**Exercise details**
Please transcribe the data below exactly. Leave the pictures out.

**Source material**
____

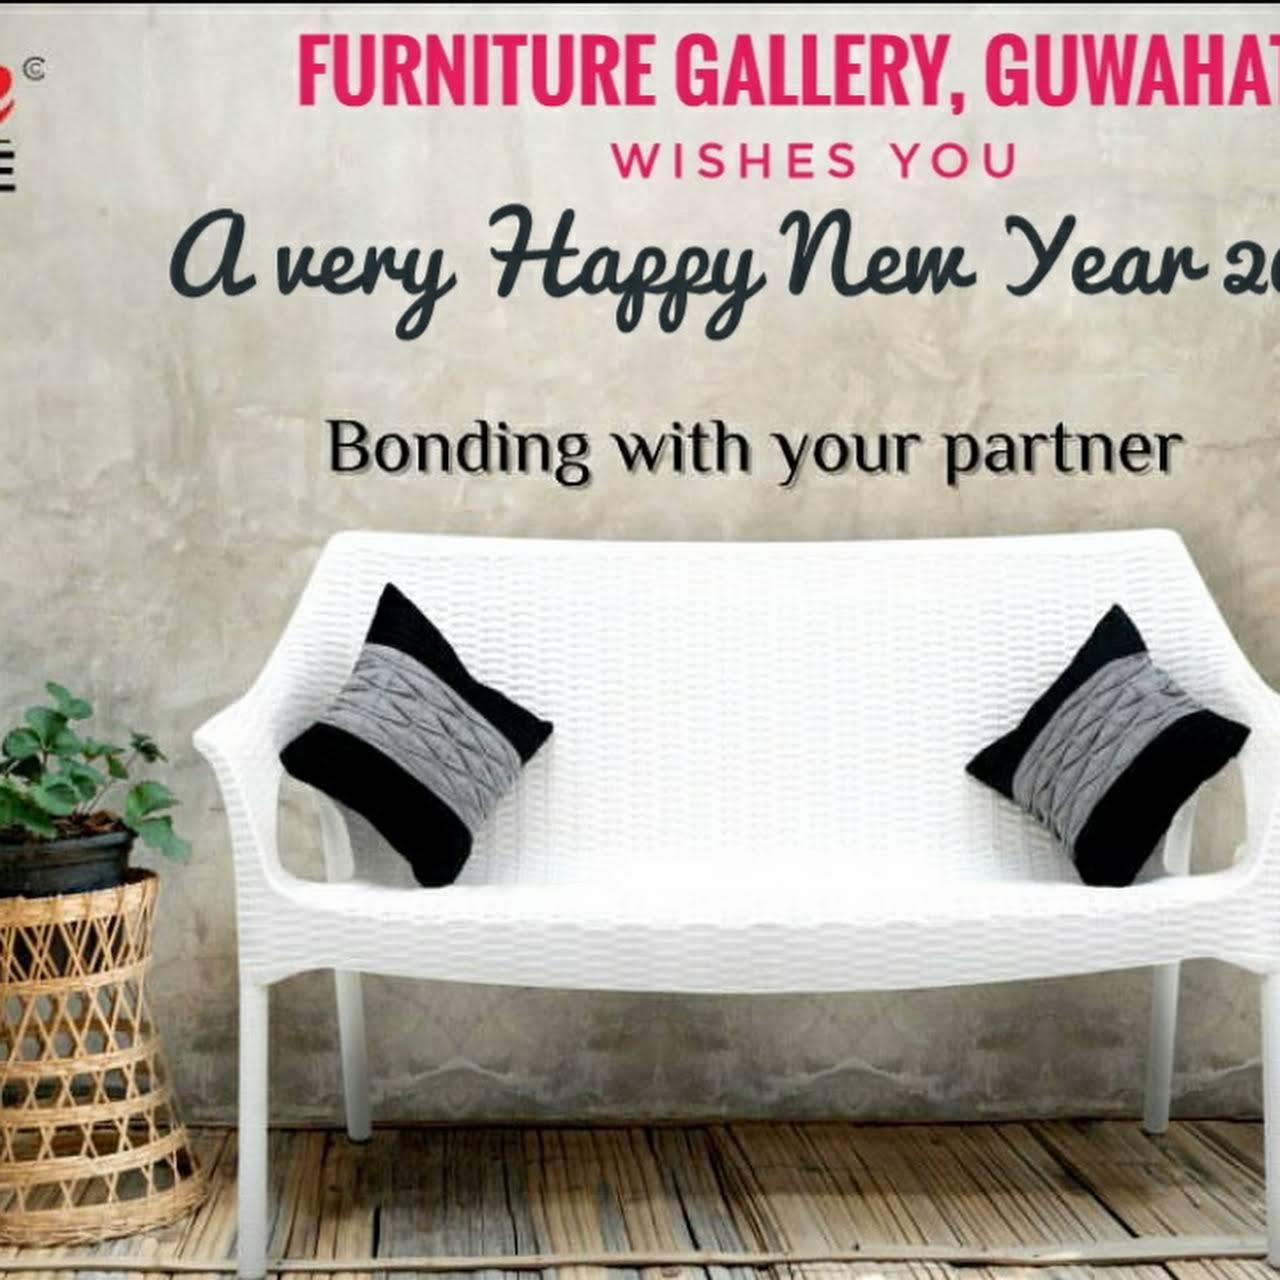 Furniture Gallery Furniture Wholesaler In Guwahati
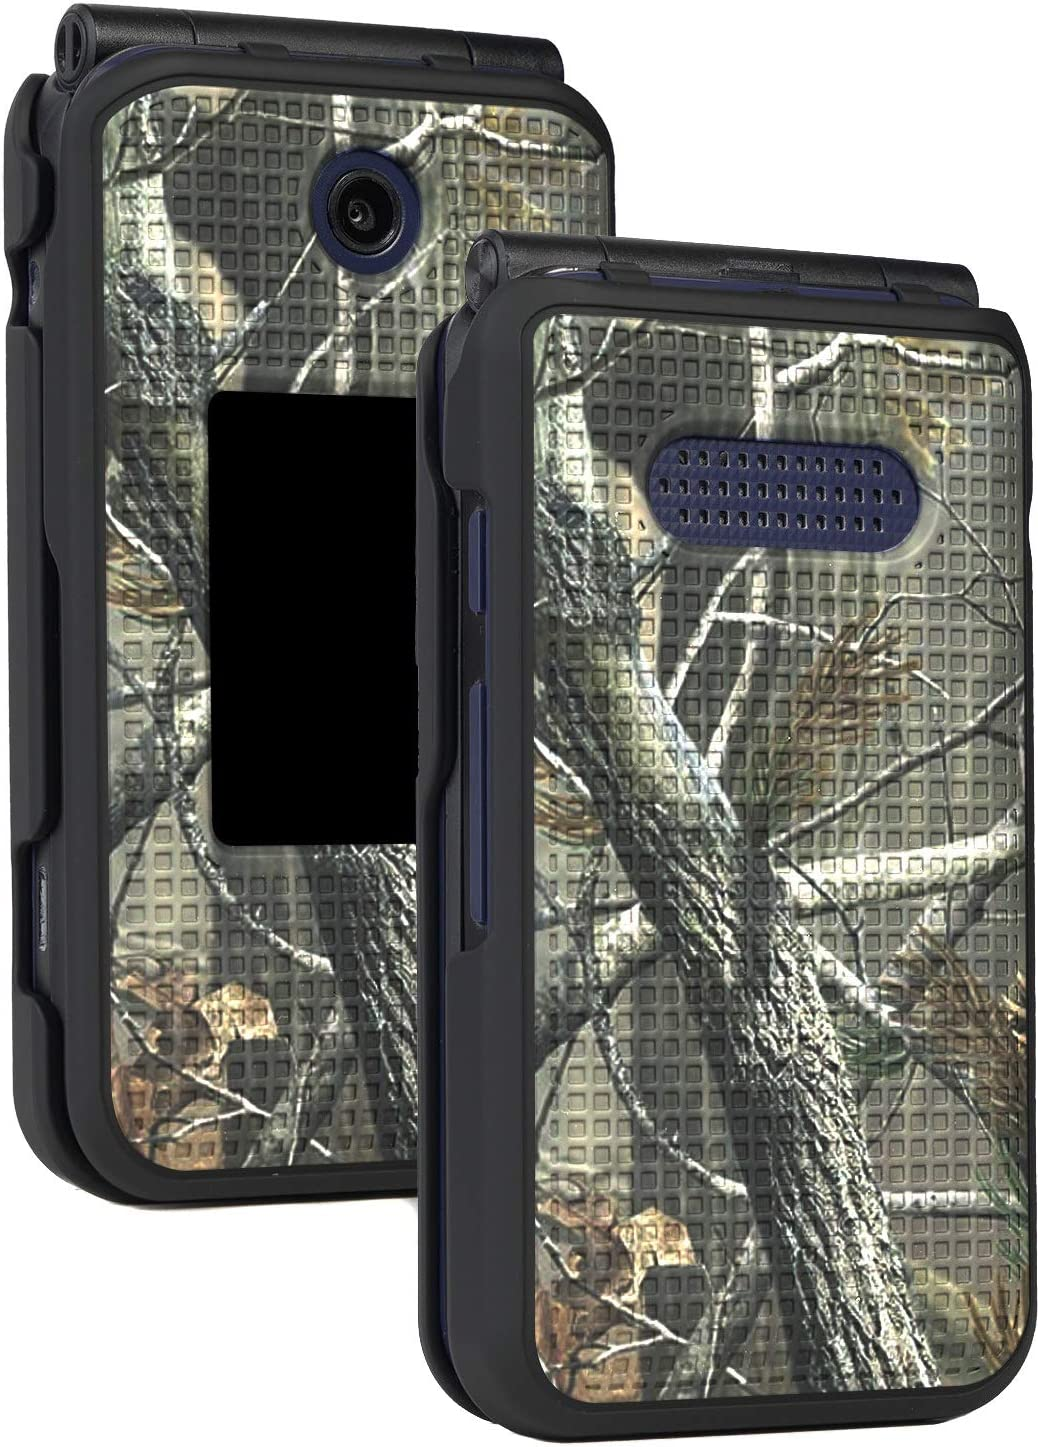 Case for Cingular Flip 4, Cricket Debut Case, Nakedcellphone [Outdoor Camouflage] Tree Leaf Real Woods Camo Protective Cover for Cricket Debut Flip (U102AC), AT&T Cingular Flip IV Phone (U102AA)
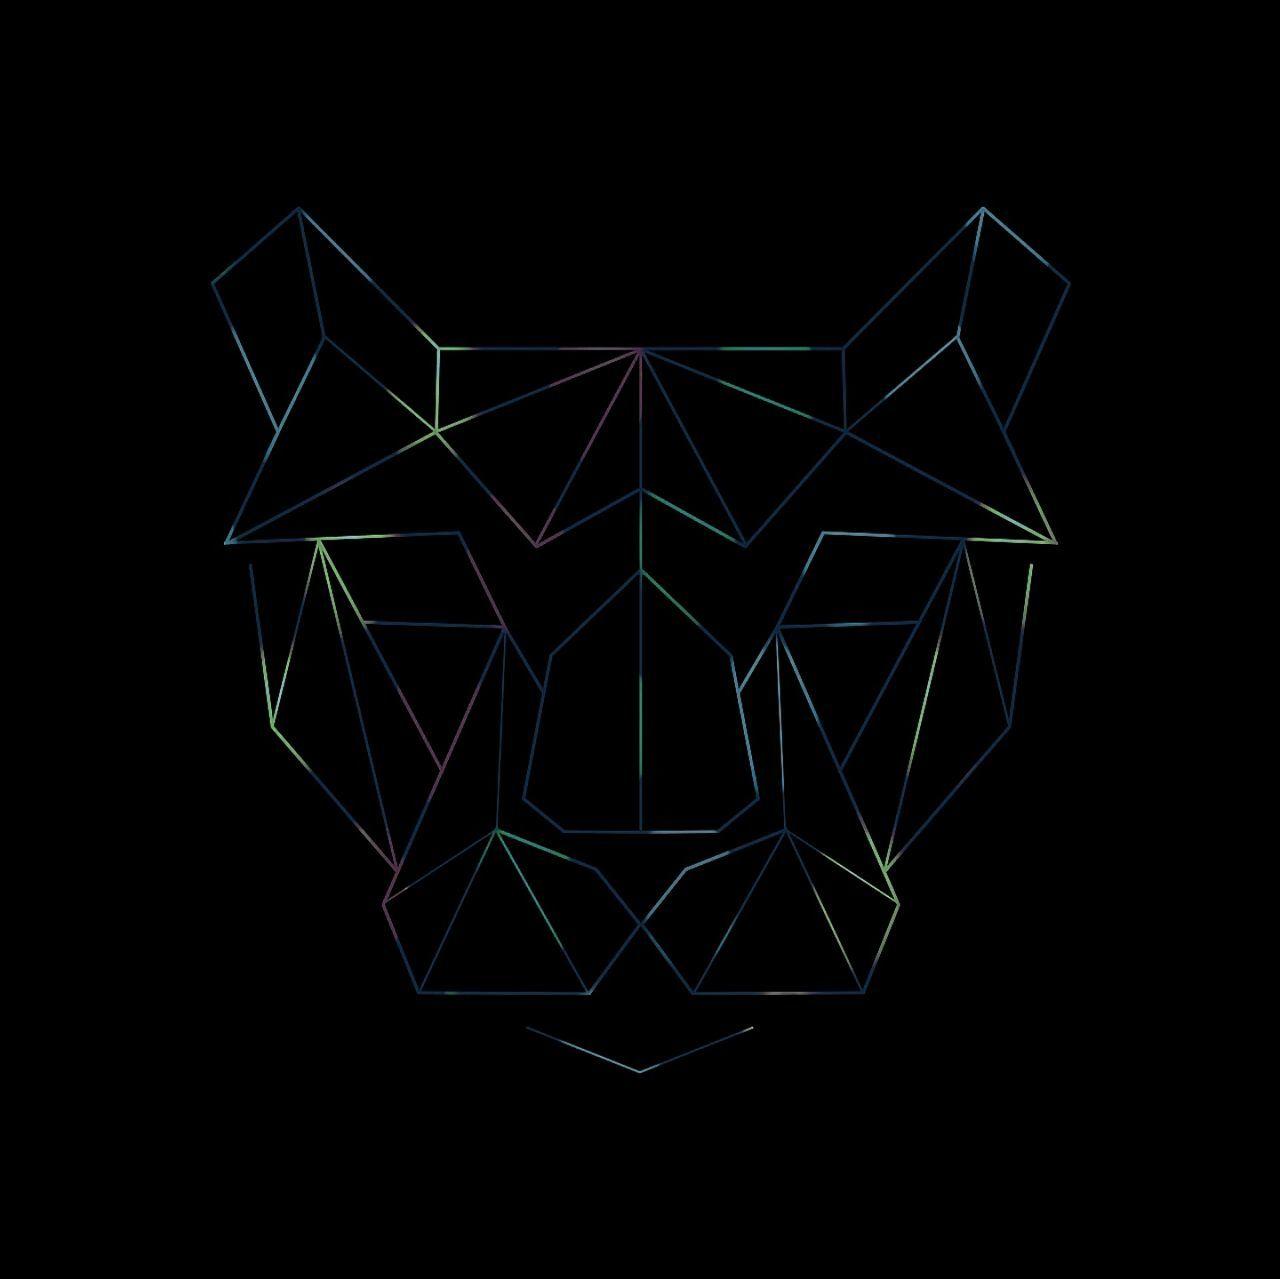 geometric shape, symmetry, black background, night, pattern, abstract, studio shot, black color, no people, illuminated, blue, geometry, close-up
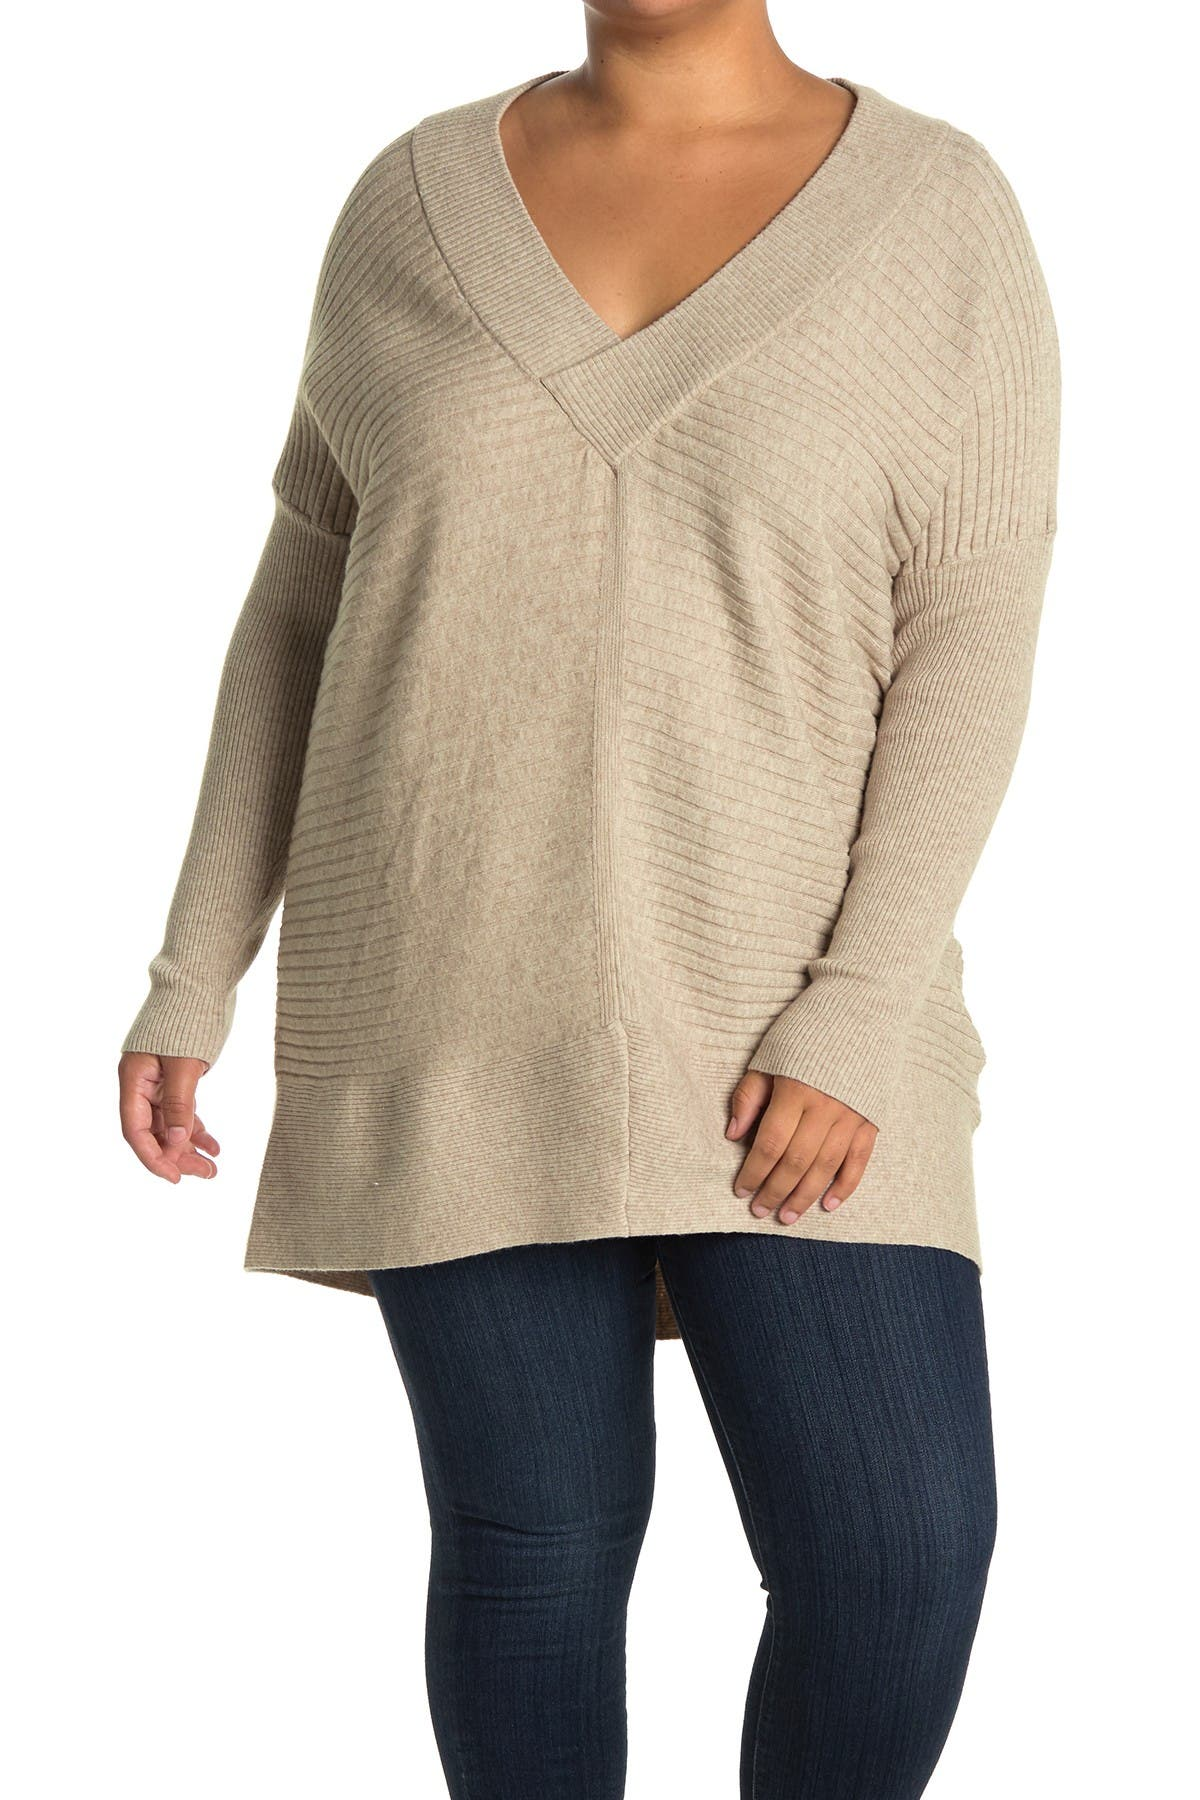 Image of STITCHDROP V-Neck Knit Sweater

____

**Exercise answer**
 Furniture Gallery Furniture Wholesaler In Guwahati
 Case for Cingular Flip 4, Cricket Debut Case, Nakedcellphone [Outdoor Camouflage] Tree Leaf Real Woods Camo Protective Cover for Cricket Debut Flip (U102AC), AT&T Cingular Flip IV Phone (U102AA)
 geometric shape, symmetry, black background, night, pattern, abstract, studio shot, black color, no people, illuminated, blue, geometry, close-up
 Image of STITCHDROP V-Neck Knit Sweater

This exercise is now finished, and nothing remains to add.